The request can be sent in the form of an electronic document and signed with an electronic signature in accordance with the legislation of the Republic of Kazakhstan.

If in the appeal (request) of the Personal Data Subject, in accordance with the requirements of the Law on Personal Data, all the necessary information is not reflected or the subject does not have the right to access the requested information, then a reasoned refusal is sent to him.

The right of the Personal Data Subject to access his personal data may be limited in accordance with the Law on Personal Data, including if the Personal Data Subject's access to his personal data violates the rights and legitimate interests of third parties.

 

7.2. In the event that inaccurate personal data is detected when the Personal Data Subject or his representative contacts, or at their request or at the request of the Authorized Body, the Operator blocks personal data relating to this Personal Data Subject from the moment of receipt of such request or receipt of the specified request for the verification period, if blocking personal data does not violate the rights and legitimate interests of the Personal Data Subject or third parties.

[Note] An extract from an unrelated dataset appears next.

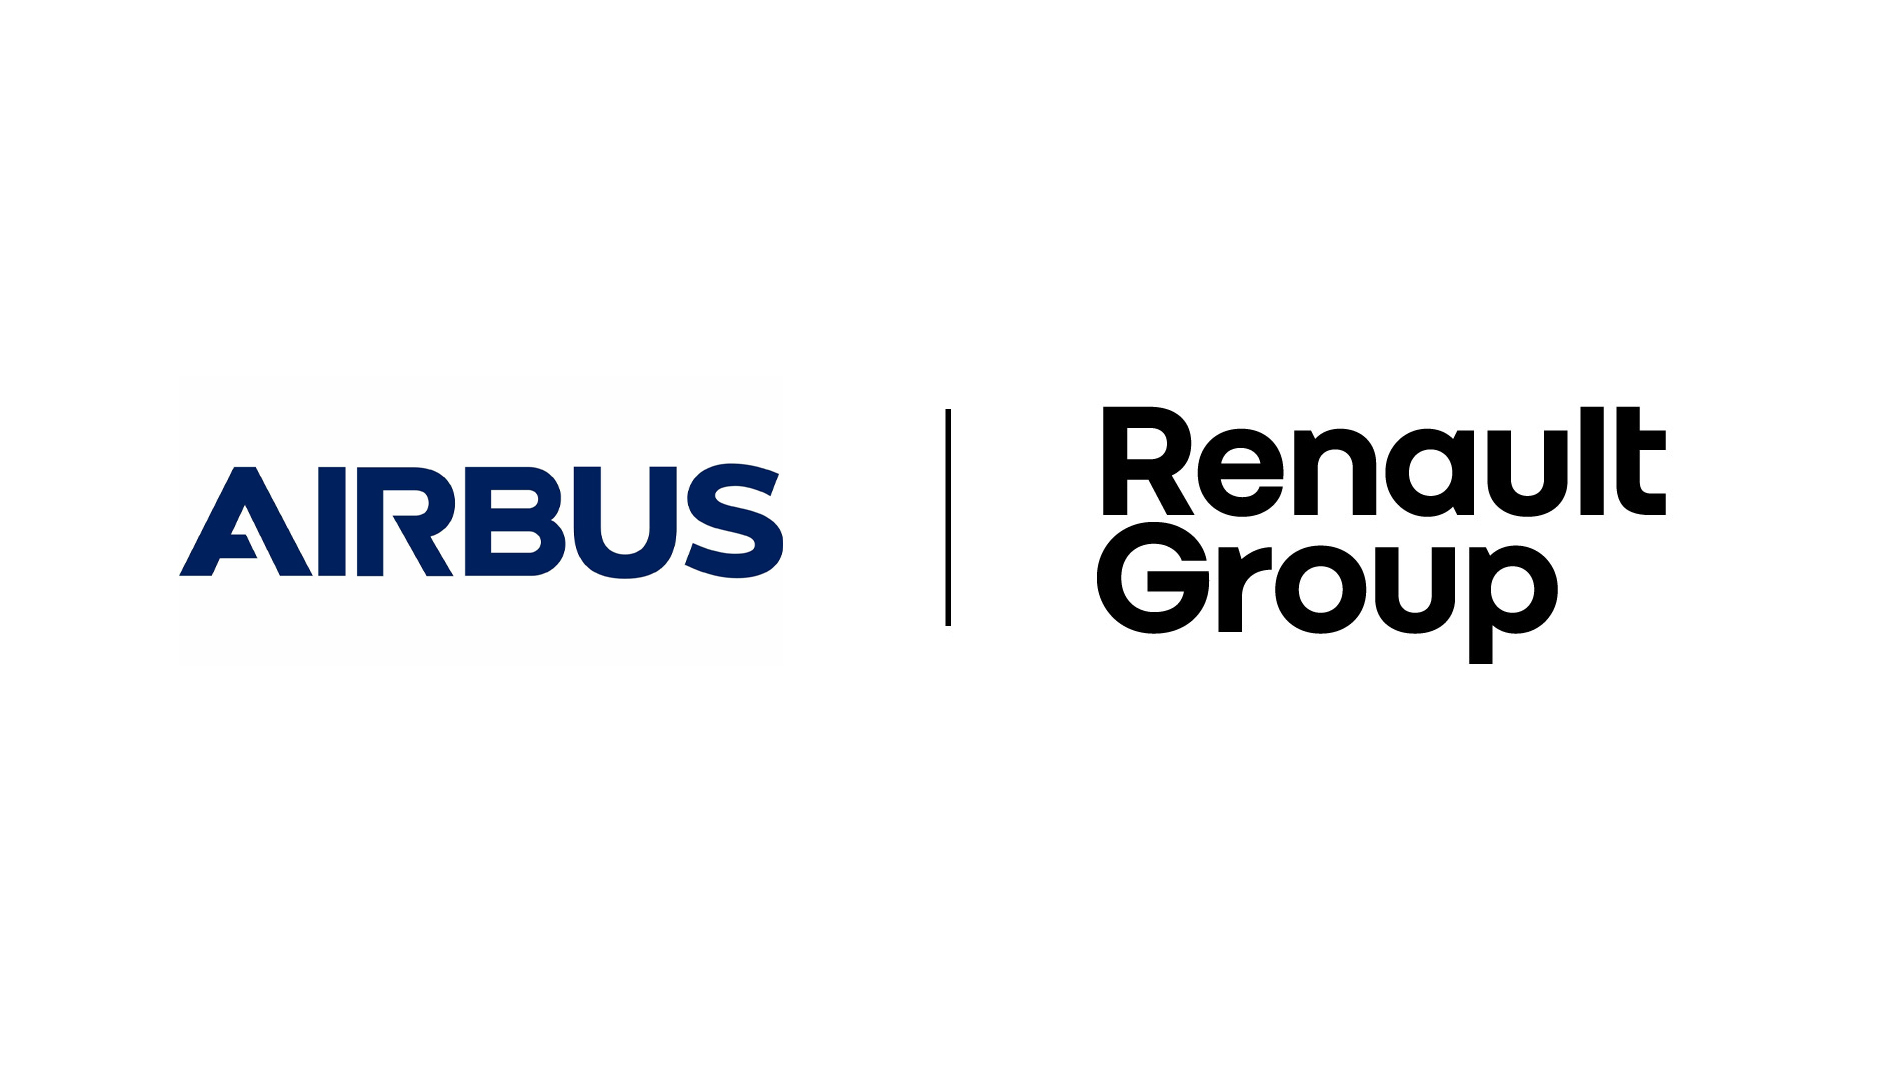 Airbus and Renault Group logos side by side on a white background.

In case of confirmation of the fact of inaccuracy of personal data, the Operator, on the basis of information provided by the subject of personal data or his representative or the Authorized body, or other necessary documents, clarifies personal data within 1 business day from the date of submission of such information and removes the blocking of personal data.

 

7.3. If unlawful processing of personal data is detected upon contact (request) by the Personal Data Subject or his representative or the Authorized Body, the Operator shall block the unlawfully processed personal data relating to this Personal Data Subject from the moment of such request or receipt of the request.

 

7.4. Upon reaching the goals of processing personal data, as well as in the event that the Subject of personal data withdraws consent to their processing, personal data shall be destroyed if:

•             otherwise is not provided by the agreement to which the Personal Data Subject is a party;

•             the Operator is not entitled to process without the consent of the Subject of personal data on the grounds provided for by the Law on Personal Data or other laws;

•             otherwise is not provided by another agreement between the Operator and the Personal Data Subject.

 

8. FINAL PROVISIONS

 

8.1. In pursuance of the requirements of the Law on Personal Data, this Policy is posted at the location of the Operator, as well as in free access on the information and telecommunication network "Internet" on the WebWebsite.